#### Directions for this task
Repeat verbatim each line from the line with "autorização de radiofrequência" to the end of the entries. Pictures do not belong in the copy.

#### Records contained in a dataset
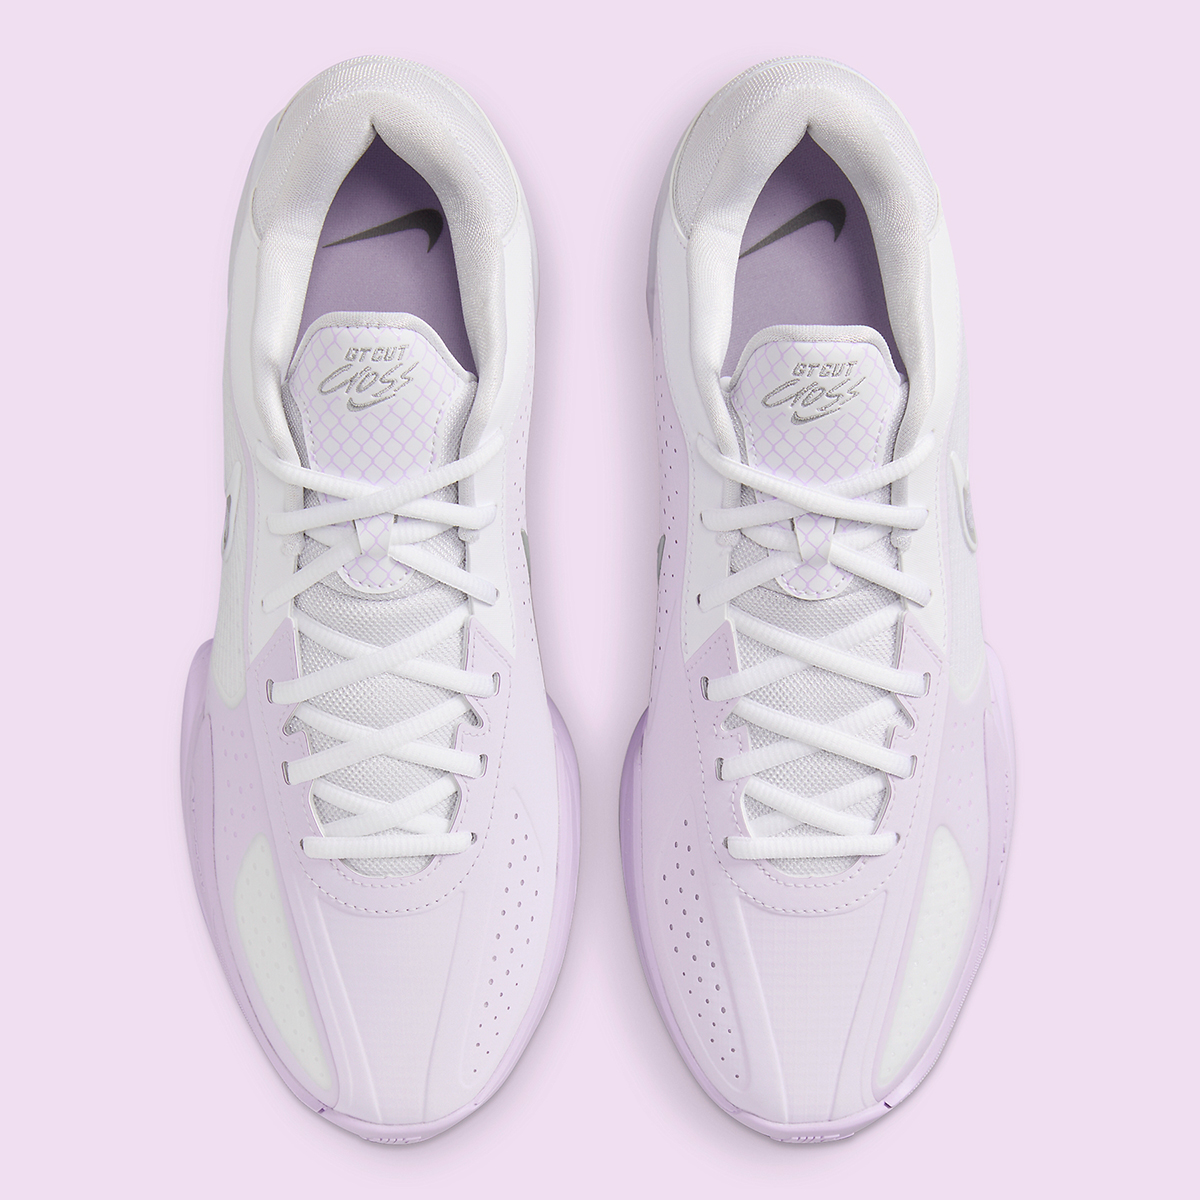 Nike Zoom Gt Cut Cross Barely Grape Pink Foam Hf0218 100 1
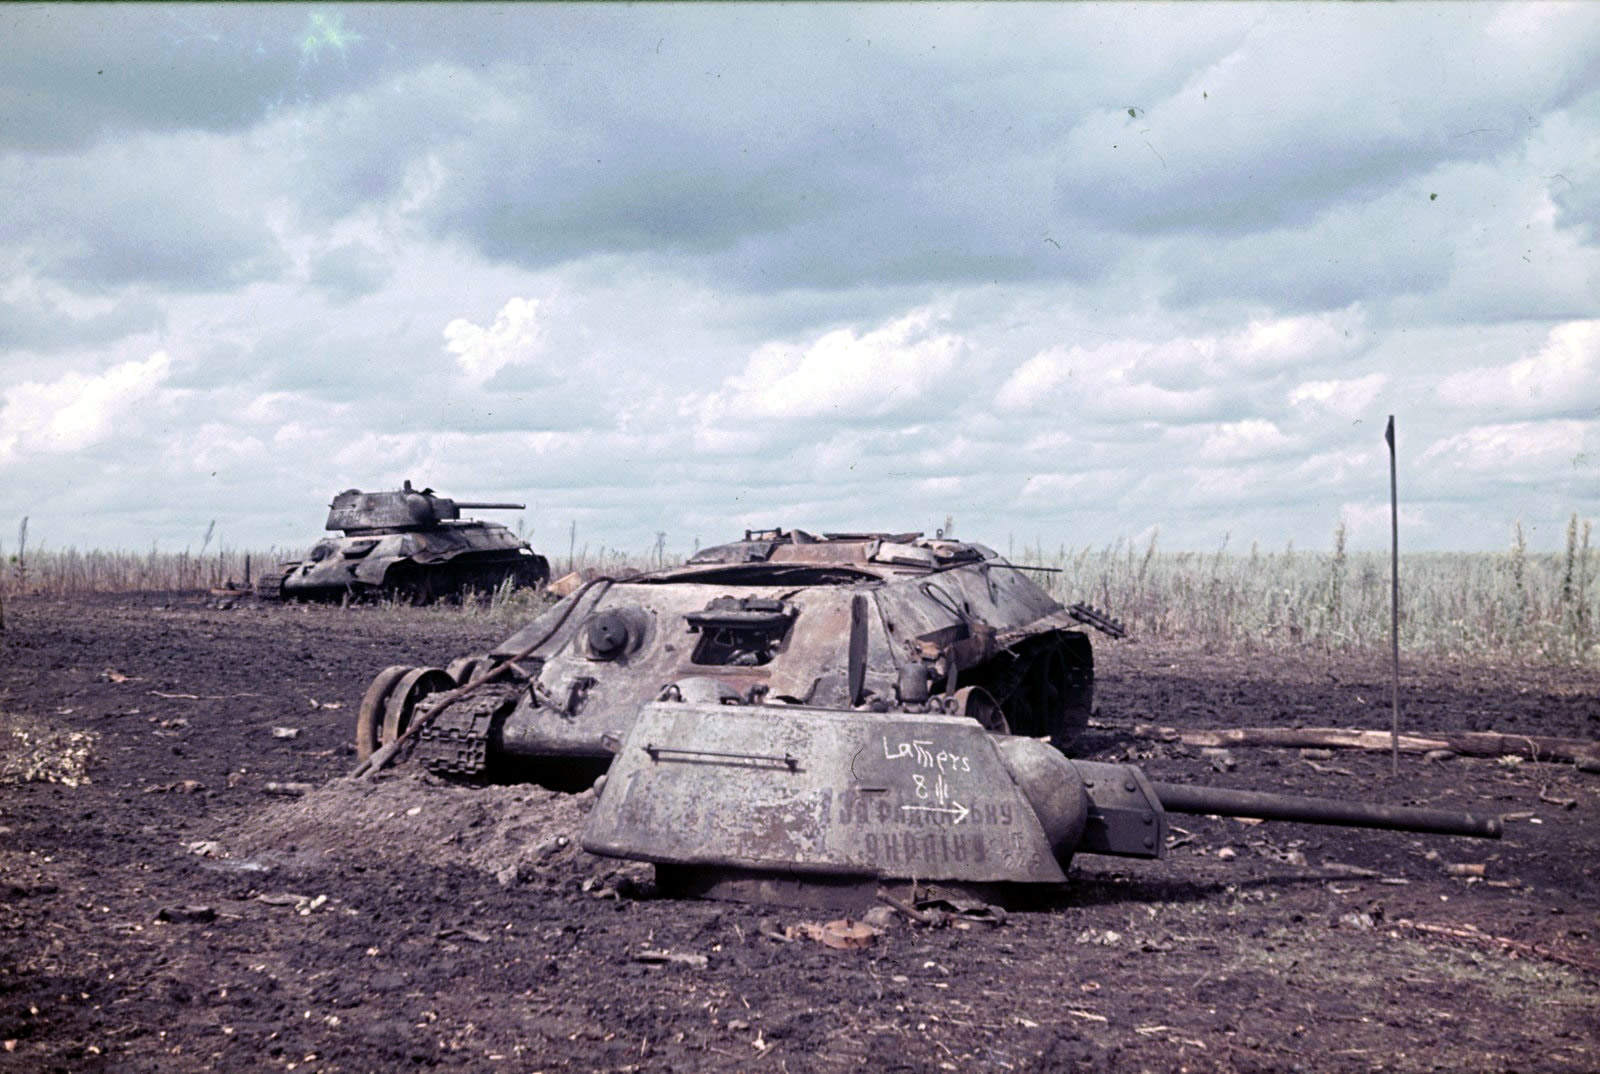 Немецкие танки после
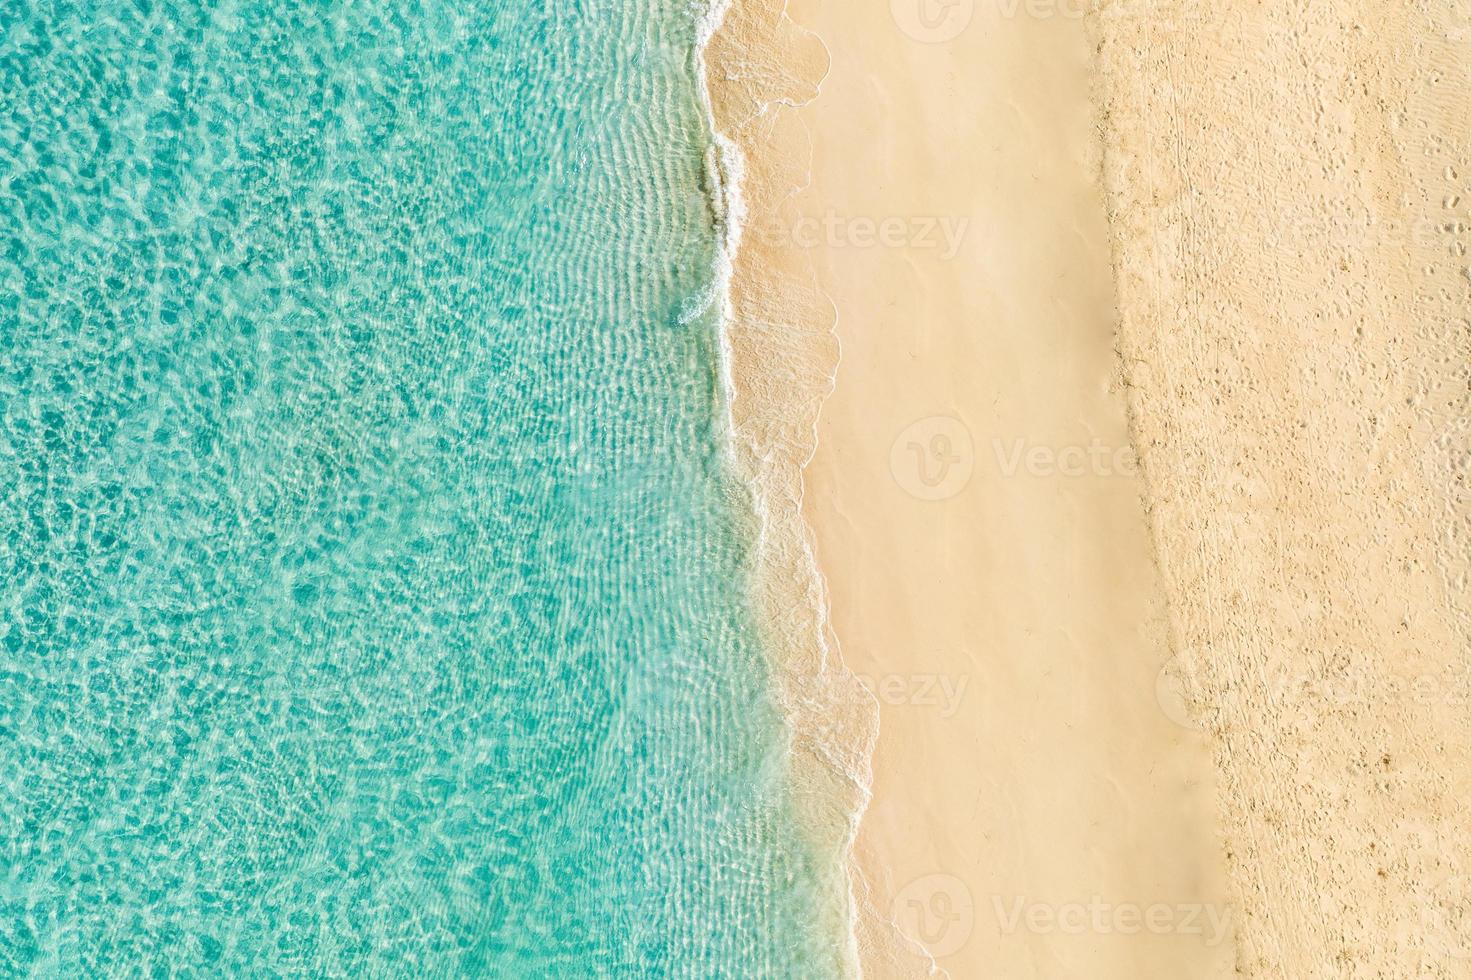 rilassante scena aerea della spiaggia, banner modello vacanze vacanze estive. onde surf con incredibile laguna blu dell'oceano, riva del mare, costa. perfetta vista dall'alto del drone aereo. tranquilla spiaggia luminosa, mare foto
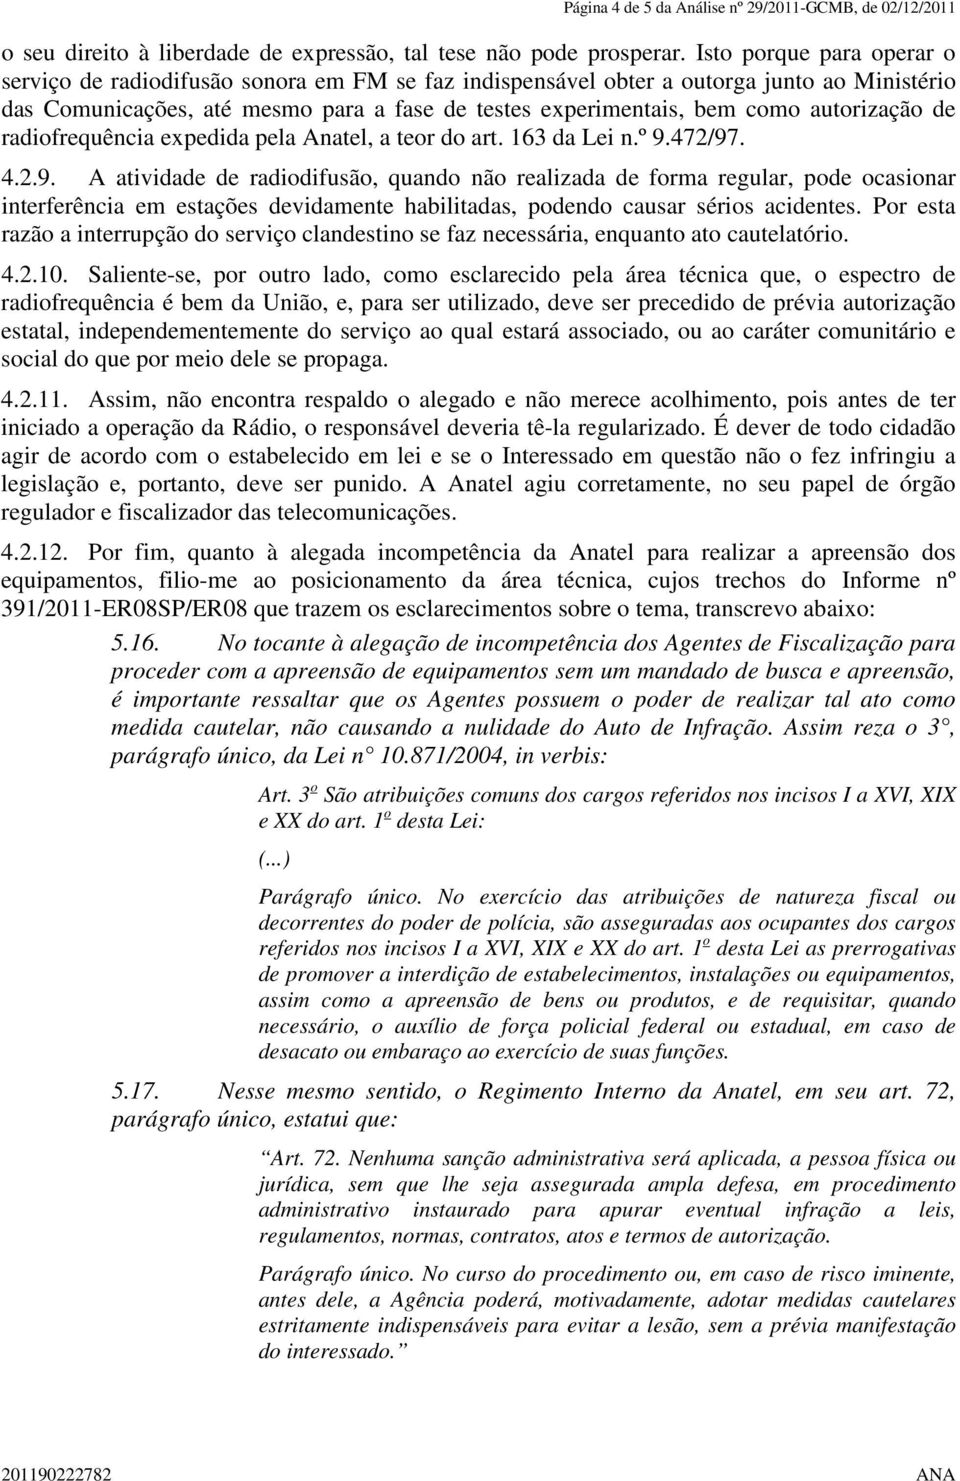 autorização de radiofrequência expedida pela Anatel, a teor do art. 163 da Lei n.º 9.
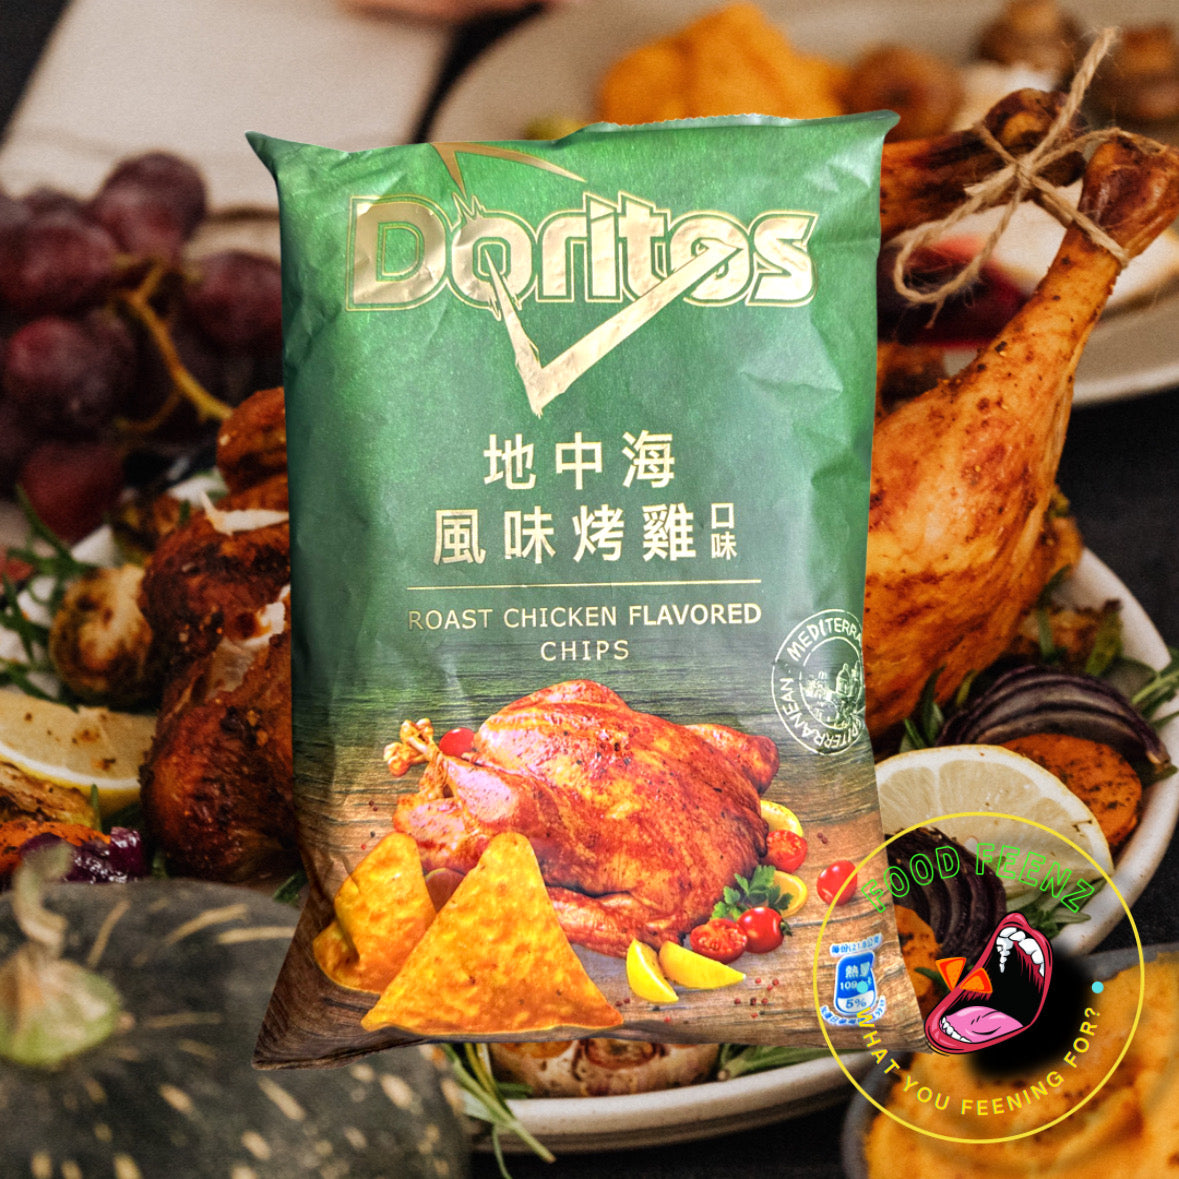 Doritos Roast Chicken Flavor (Taiwan)
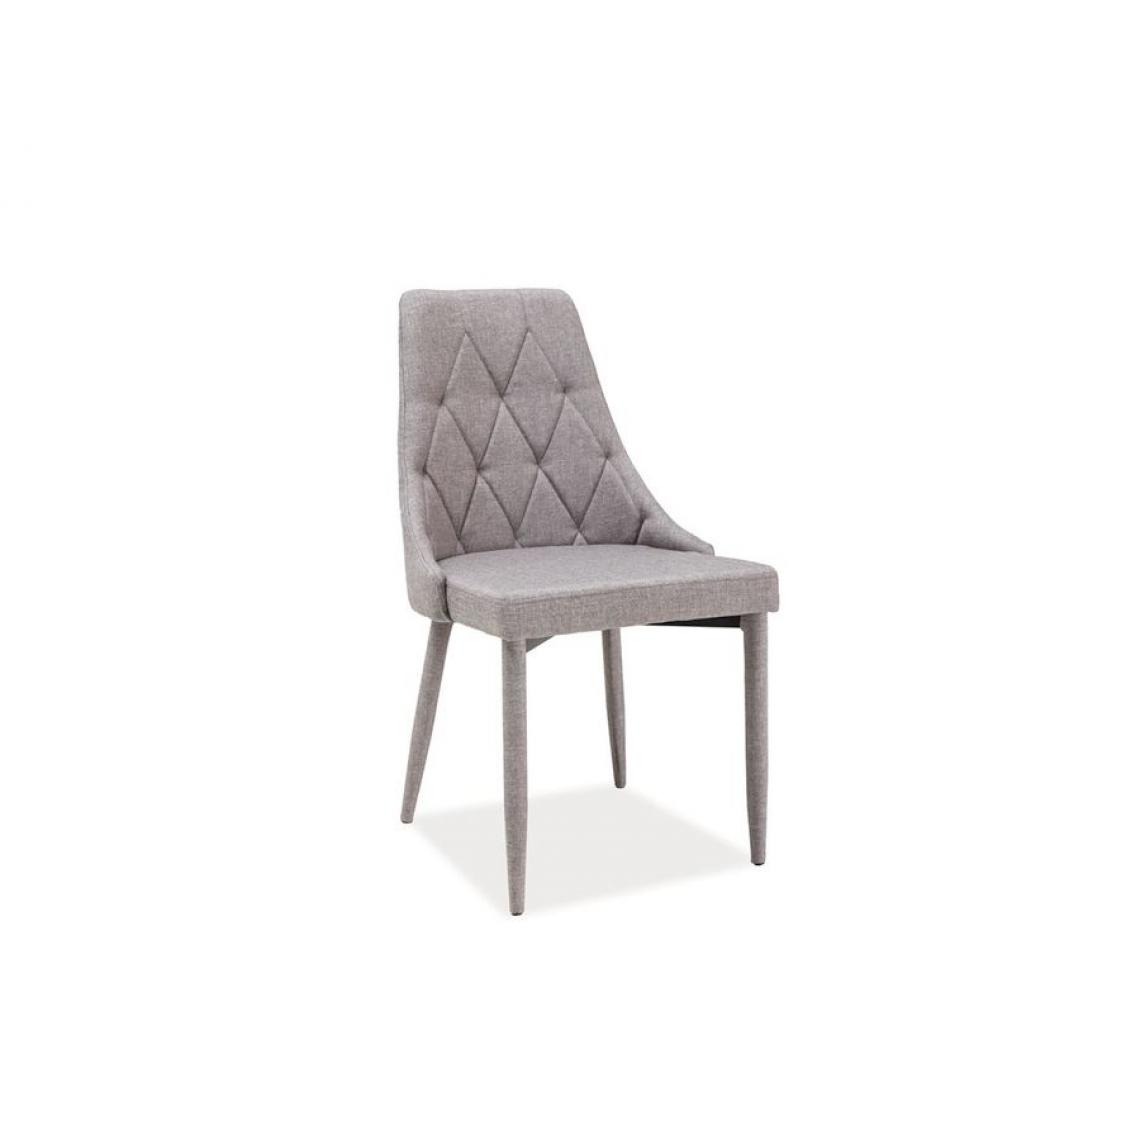 Hucoco - TRIB | Chaise moderne de style scandinave | Dimensions: 88x46x46 cm | Rembourrée en tissu | Structure en métal rembourrée - Gris - Chaises

#### Answer space
 autorização de radiofrequência expedida pela Anatel, a teor do art. 163 da Lei n.º 9.
 Doritos Roast Chicken Flavor (Taiwan)
 Hucoco - TRIB | Chaise moderne de style scandinave | Dimensions: 88x46x46 cm | Rembourrée en tissu | Structure en métal rembourrée - Gris - Chaises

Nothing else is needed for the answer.